• _Required action_
Write out all of the entries that follow, word for word, but skip the pictures.
### Material provided ###
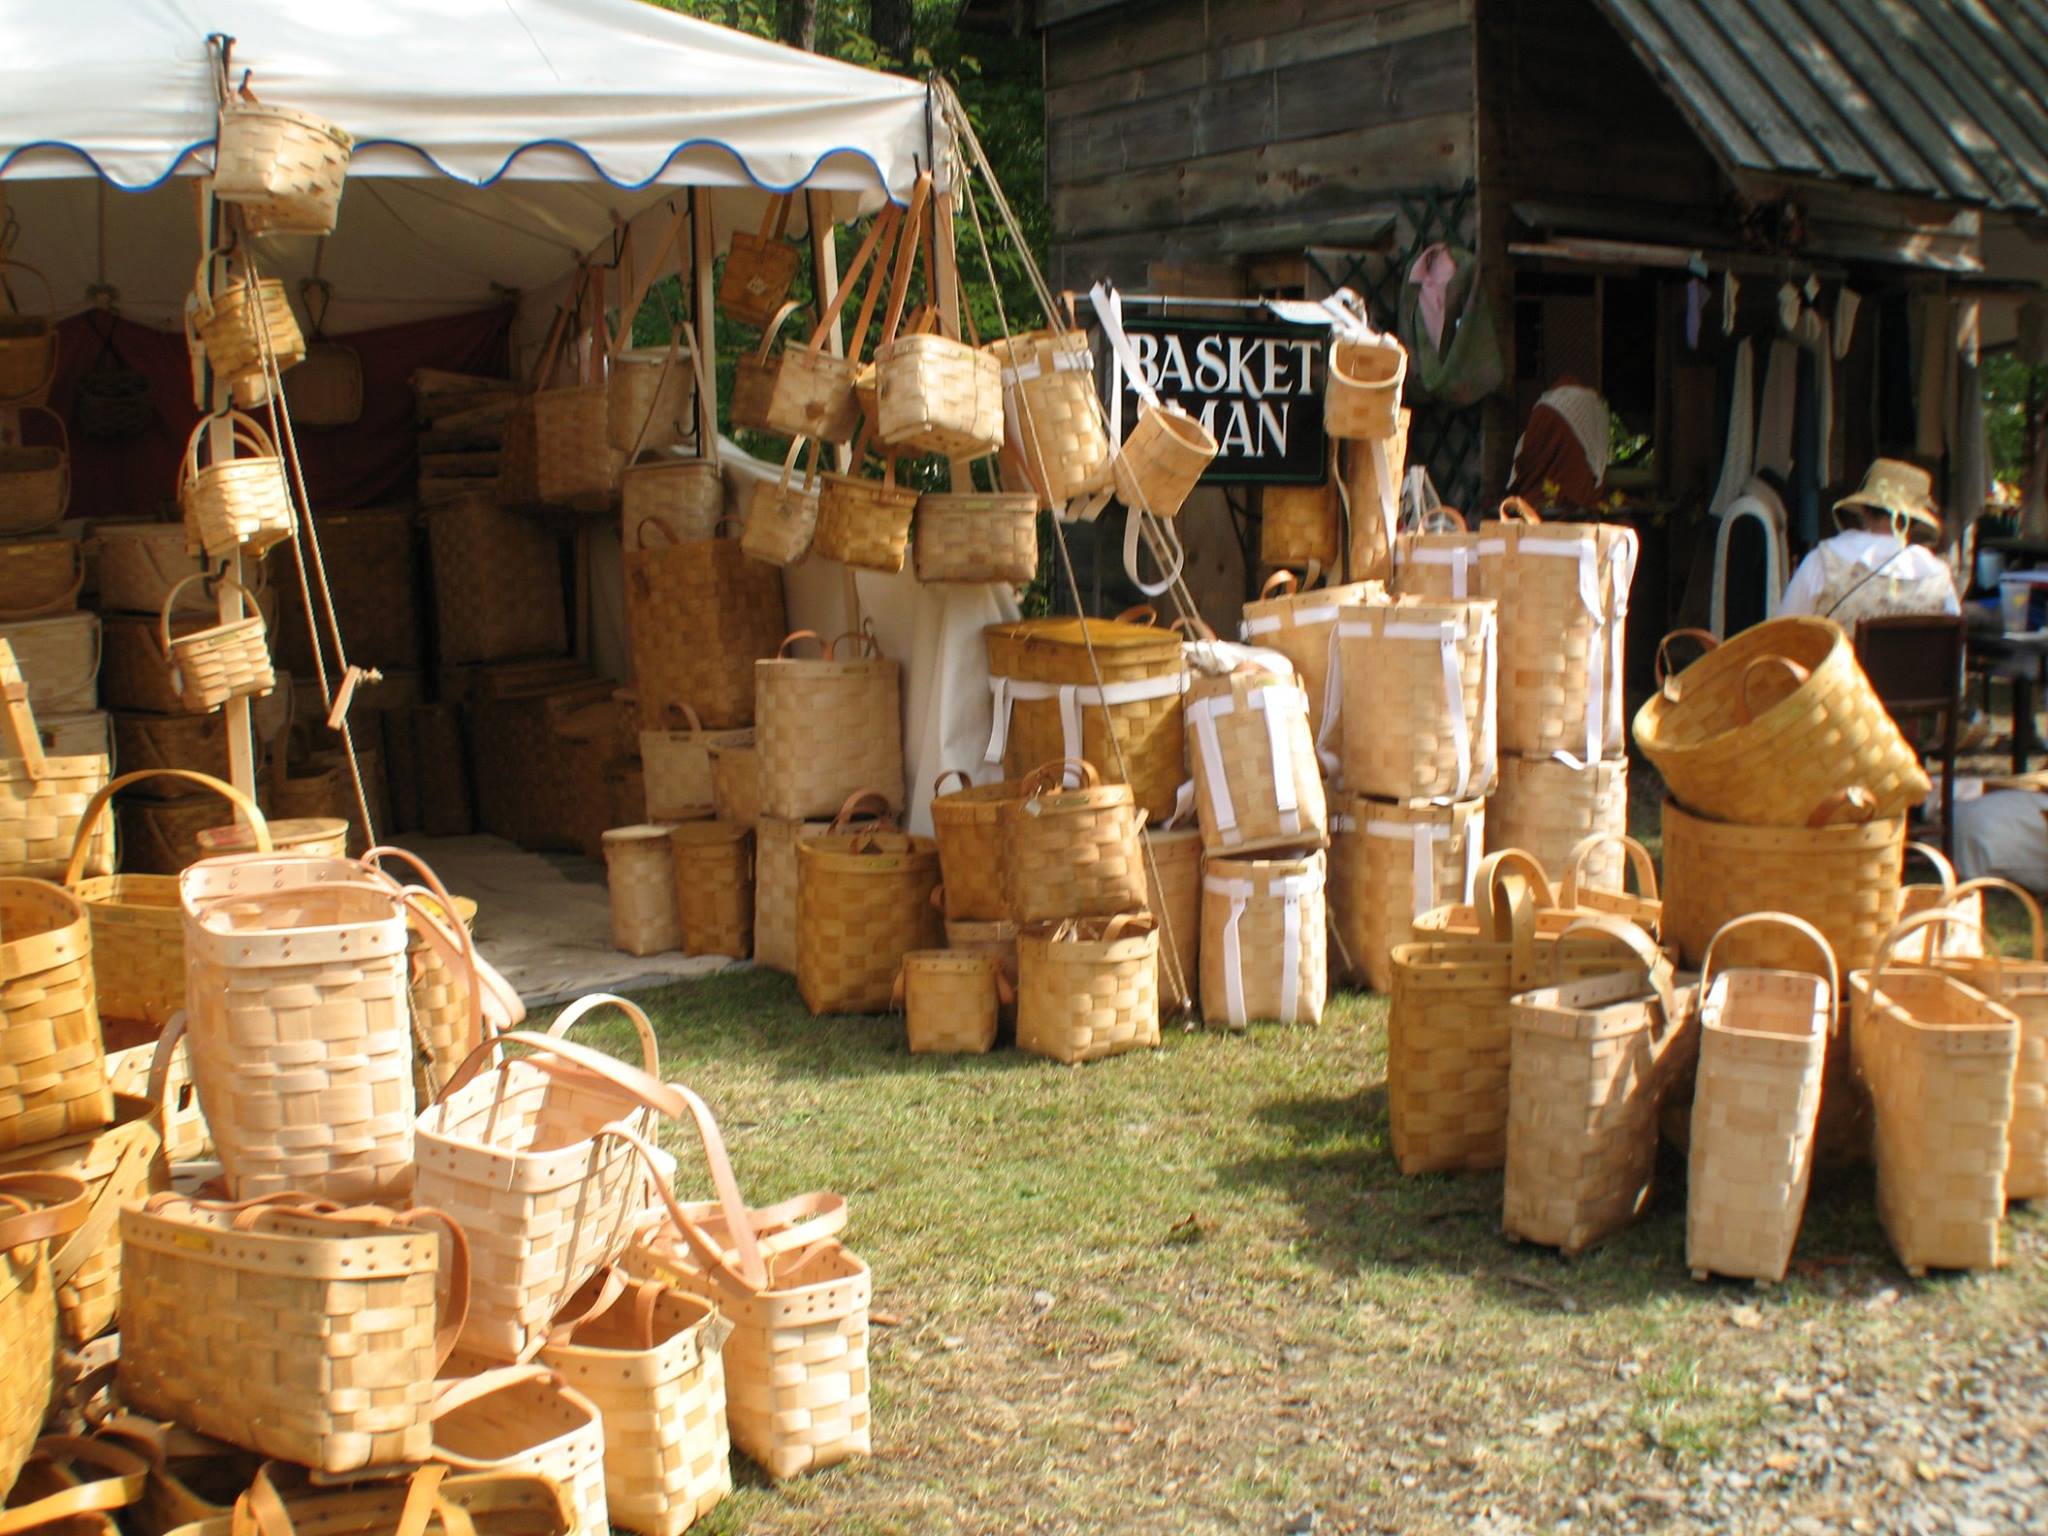 Local Baskets at Penns Colony Festival
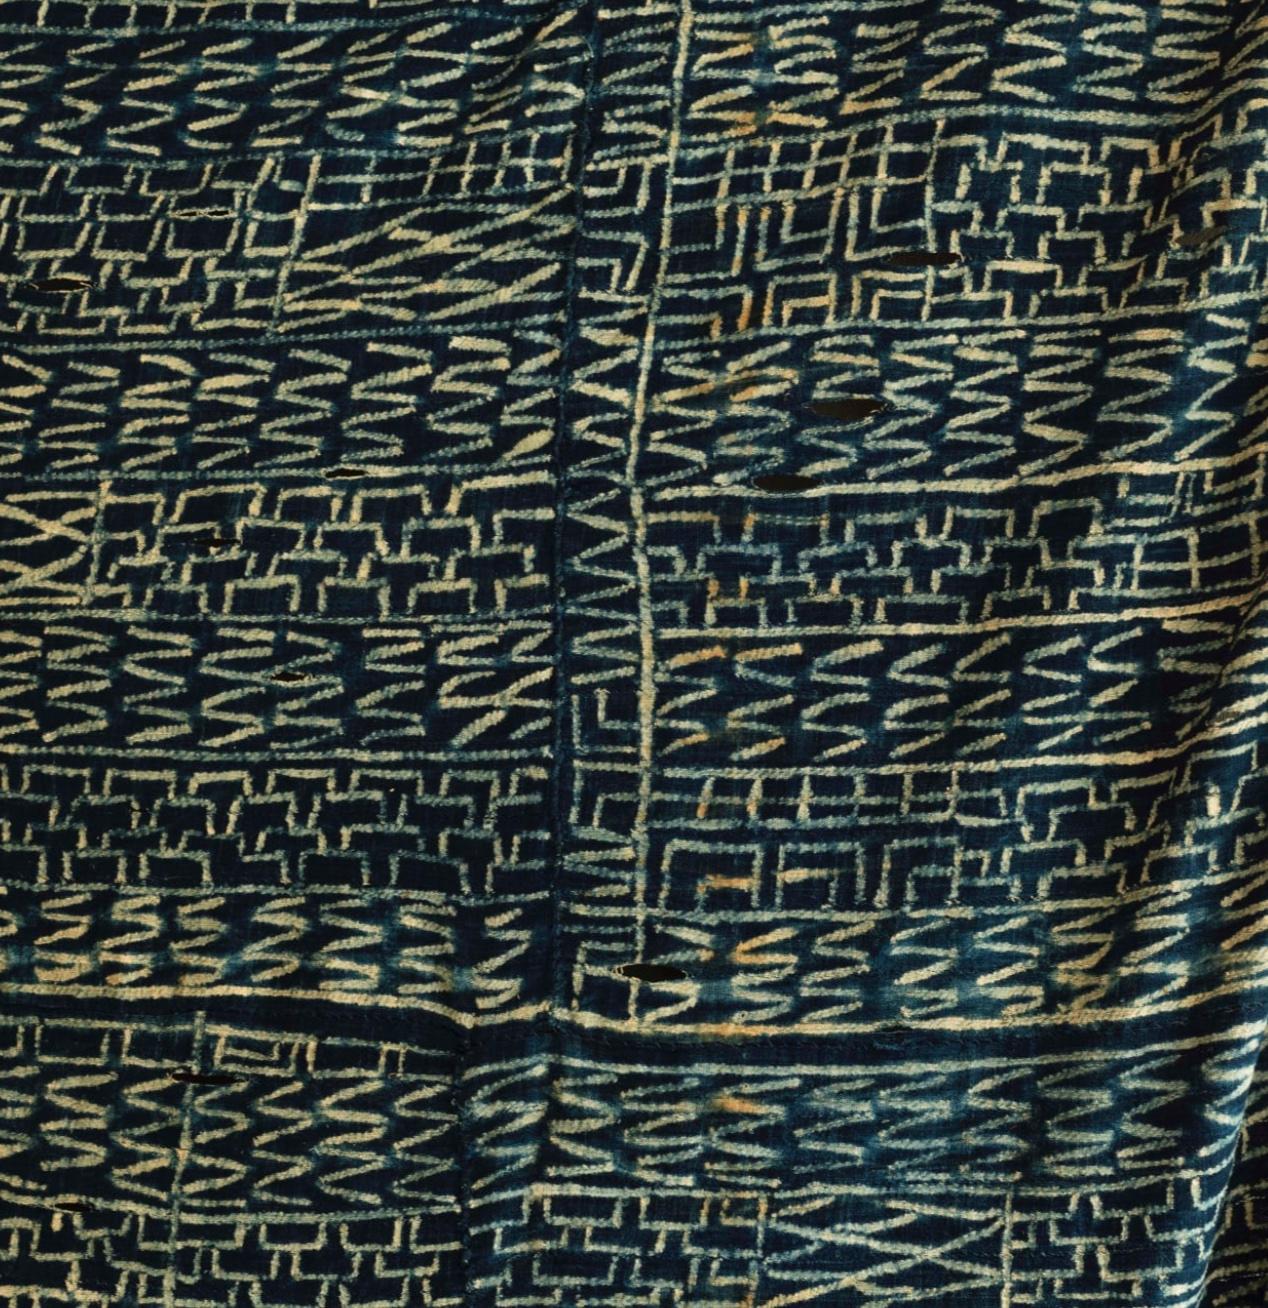 Cameroonian Large Scale N’dop Display Cloth Panel For Sale
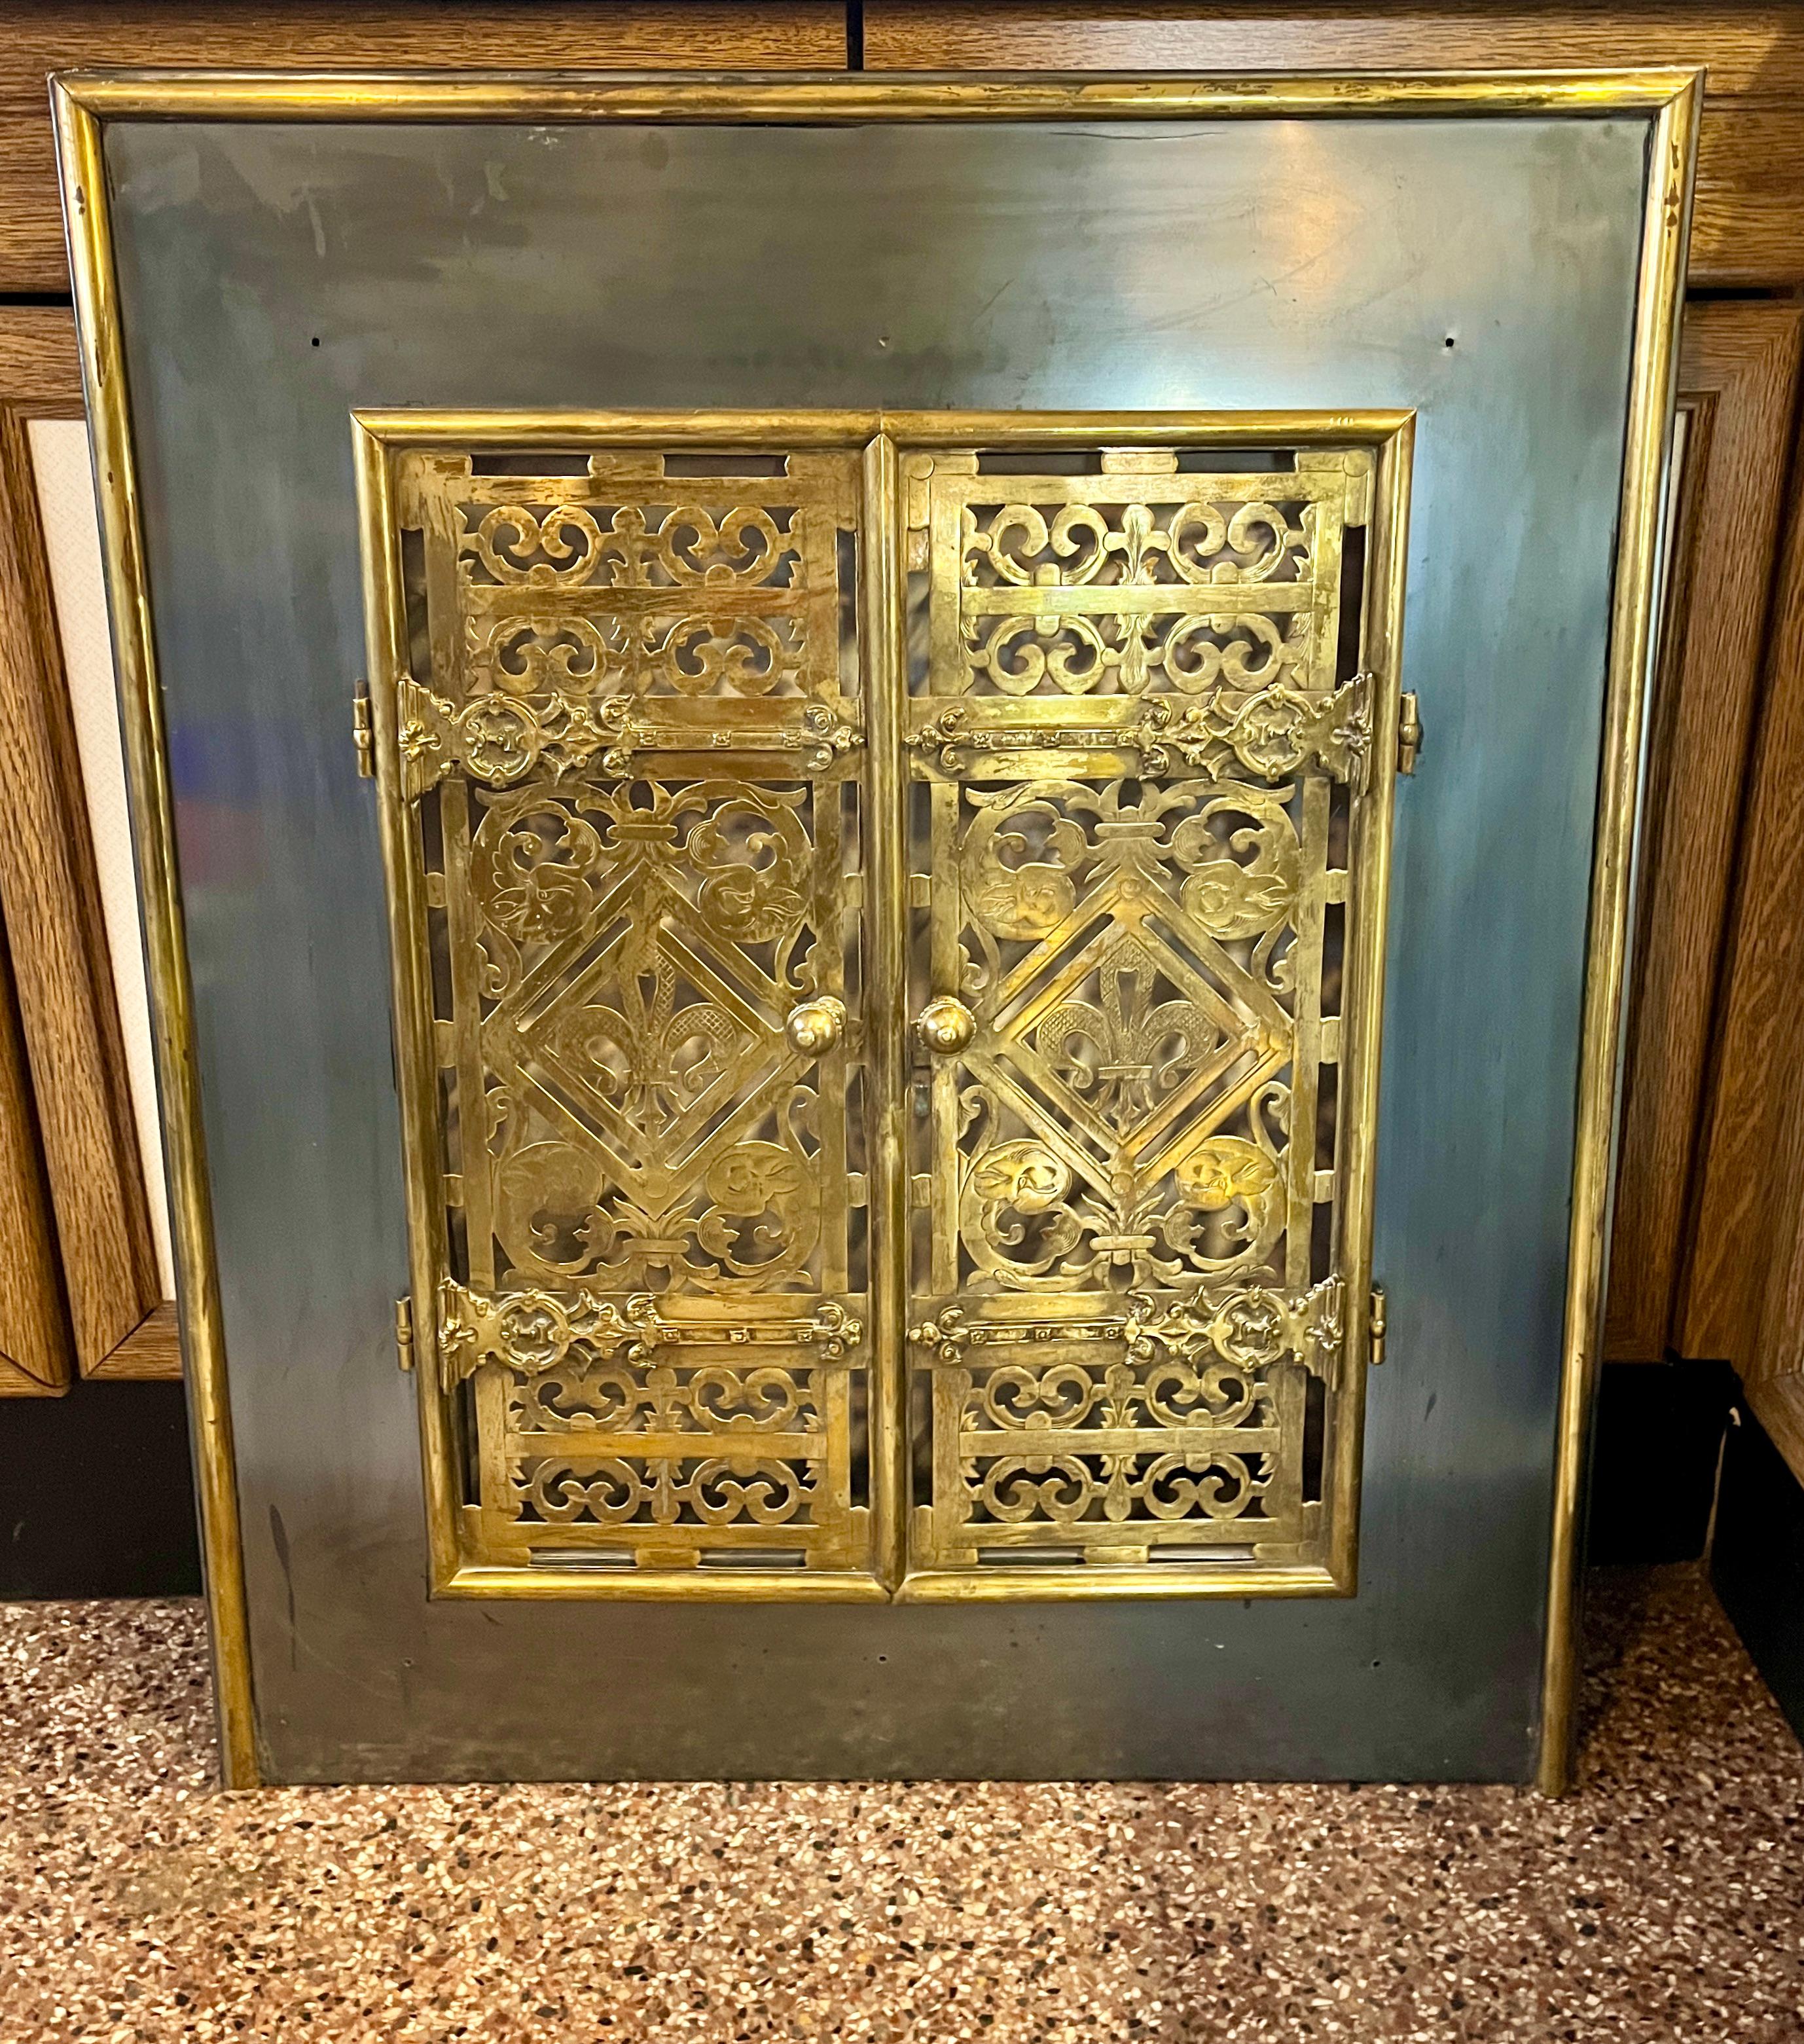  iron and brass circa 1920

 iron and brass and terminating on decorative scrolled stylized Doors

We prefer to sell our items in 'uncleaned' condition so that the new owner 
still has the choice to remove the patina (signs of age) or
###
• _Your response_
 Local Baskets at Penns Colony Festival
 Cameroonian Large Scale N’dop Display Cloth Panel For Sale
  iron and brass circa 1920

 iron and brass and terminating on decorative scrolled stylized Doors

We prefer to sell our items in 'uncleaned' condition so that the new owner 
still has the choice to remove the patina (signs of age) or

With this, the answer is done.